There is little doubt that smart contracts will find compelling use cases and achieve those objectives in many instances.  But equally, it is important to realise the limitations of smart contracts and understand that there are many elements of contractual relations that are not suitable for performance through deterministic computer logic embodied in a smart contract.  If there are unrealistic expectations for what the technology can achieve, early adopters may find that they frustrate, rather than simplify, their dealings with others.

We set out in this article to define an appropriate role for smart contracts (whether on a public or consortium blockchain), and to provide a model for designing smart contracts which can operate effectively and safely in a world which is full of uncertainty, ambiguity and that is not deterministic.

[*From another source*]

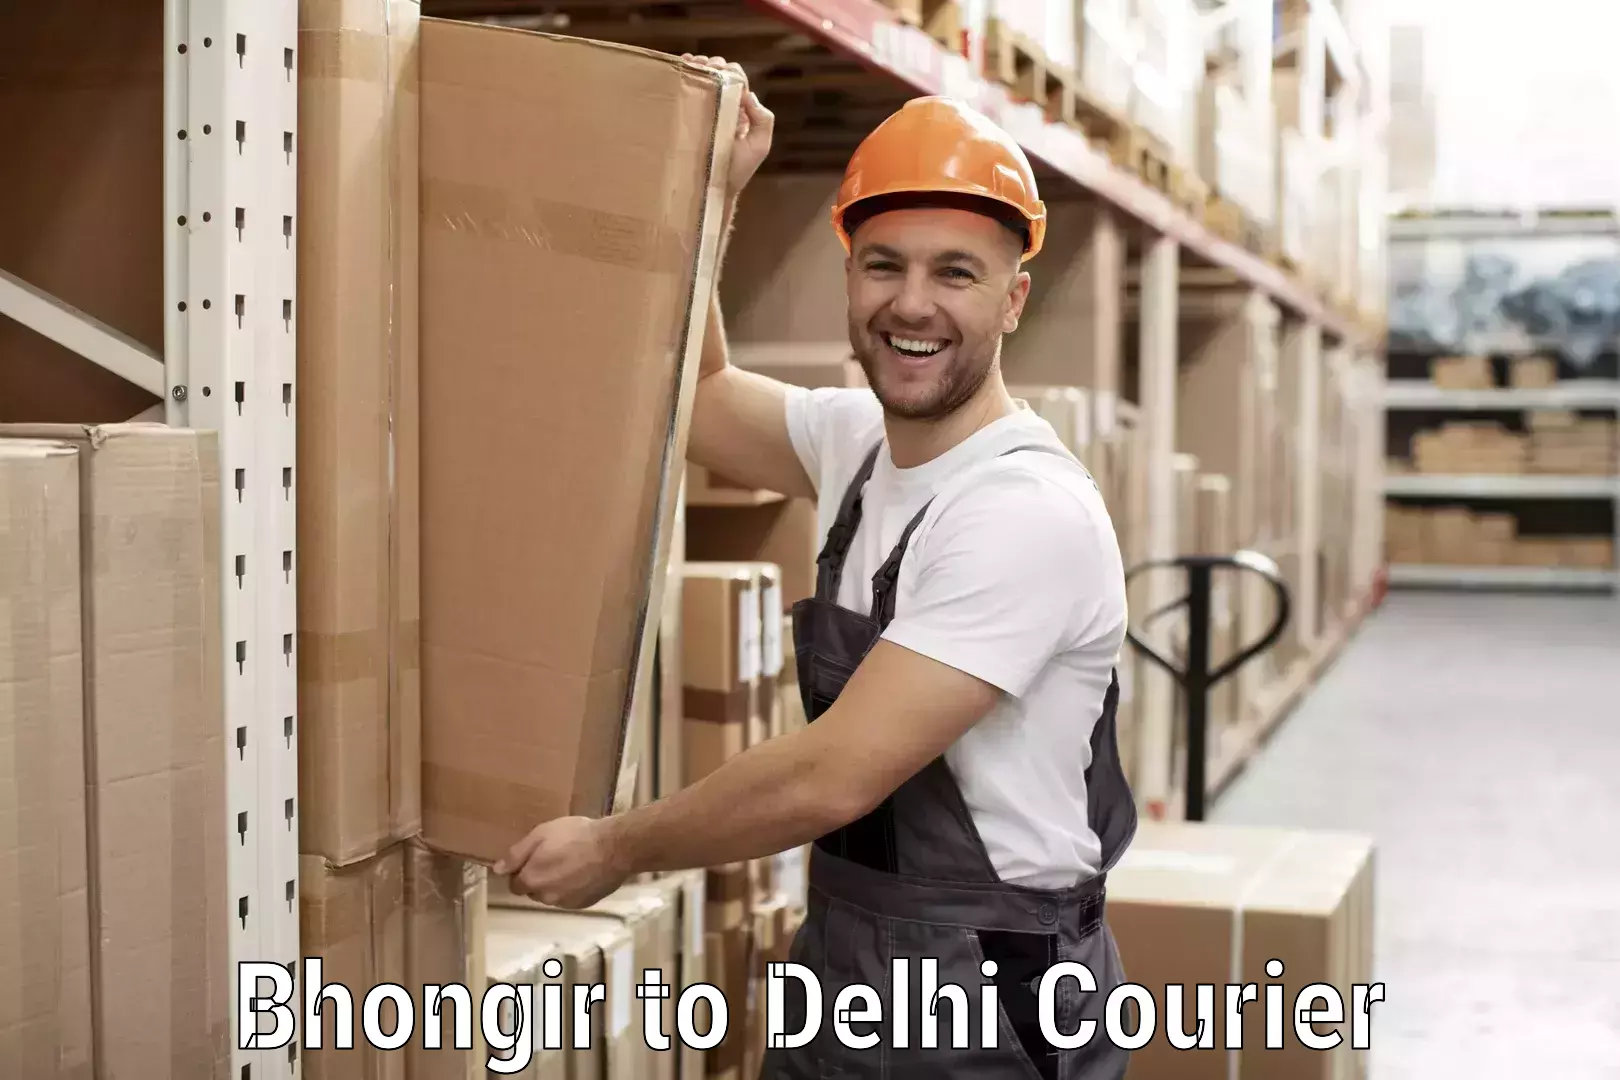 Next-day freight services Bhongir to Delhi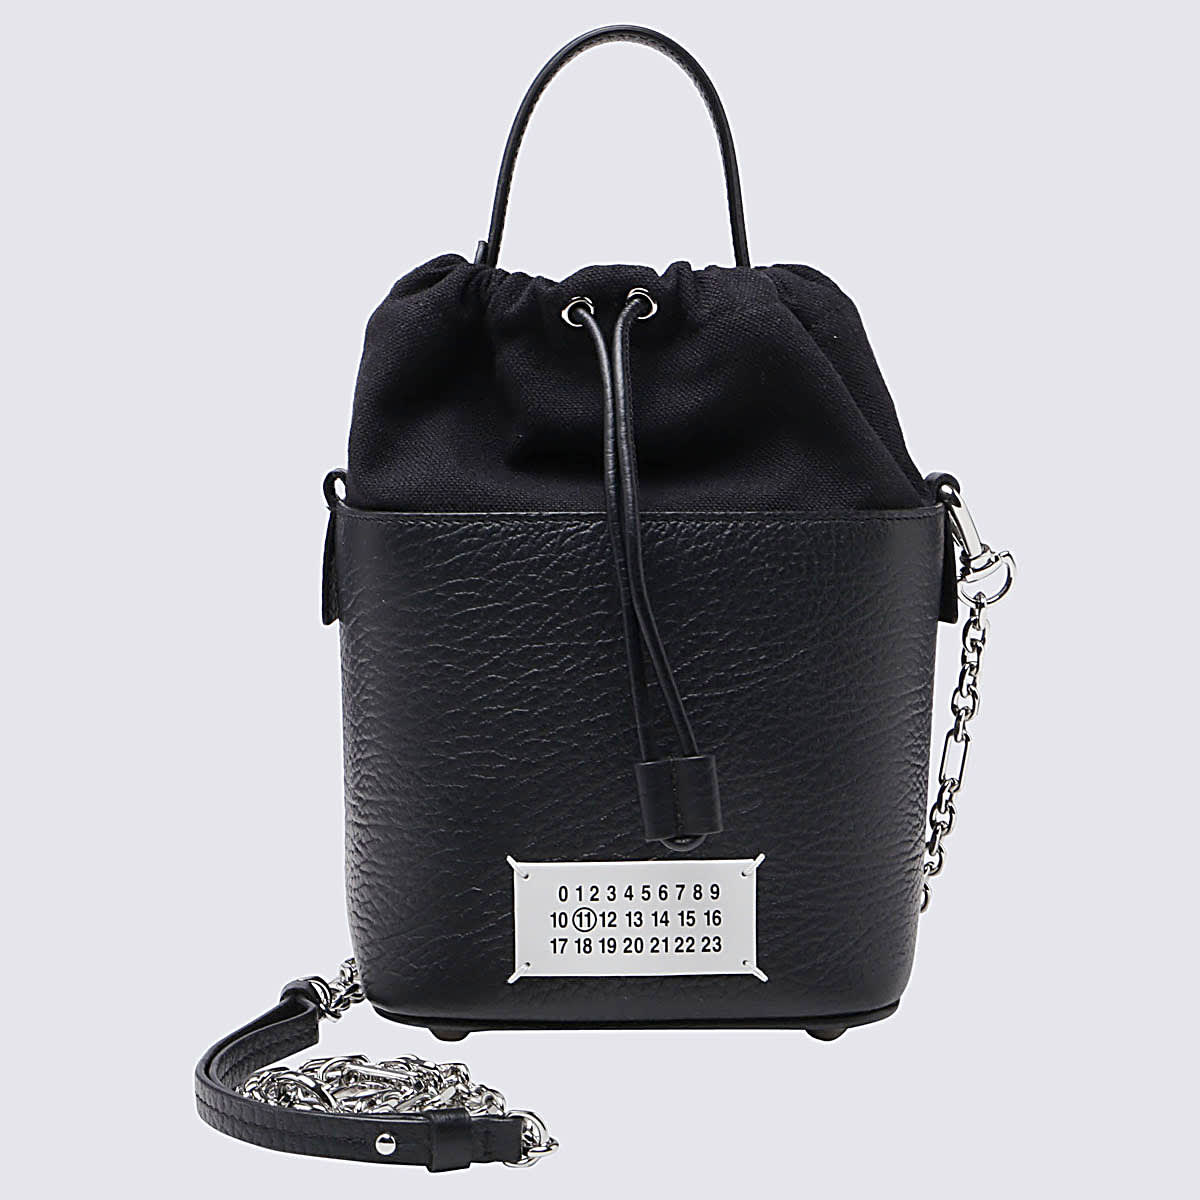 Maison Margiela Black Leather 5ac Bucket Bag

A smart contract is not everything

The term ‘smart contract’ is a misnomer.  A smart contract shares theoretical similarities with a legal contract, in the sense that they are both frameworks for regulating the interaction between different entities, but it is important to note where those similarities start and end.

A smart contact is, at its heart, a computer programme – encoded logic that receives certain inputs and executes a set of instructions to reach one of many pre-defined outcomes.  It is not relevant to the encoded logic whether or not promises or consideration exist between the parties, or whether or not representations have been made in relation to the subject matter of the instructions. It is not relevant whether its instructions were intended or legal.  At its heart, a smart contract simply guarantees execution of a particular code base.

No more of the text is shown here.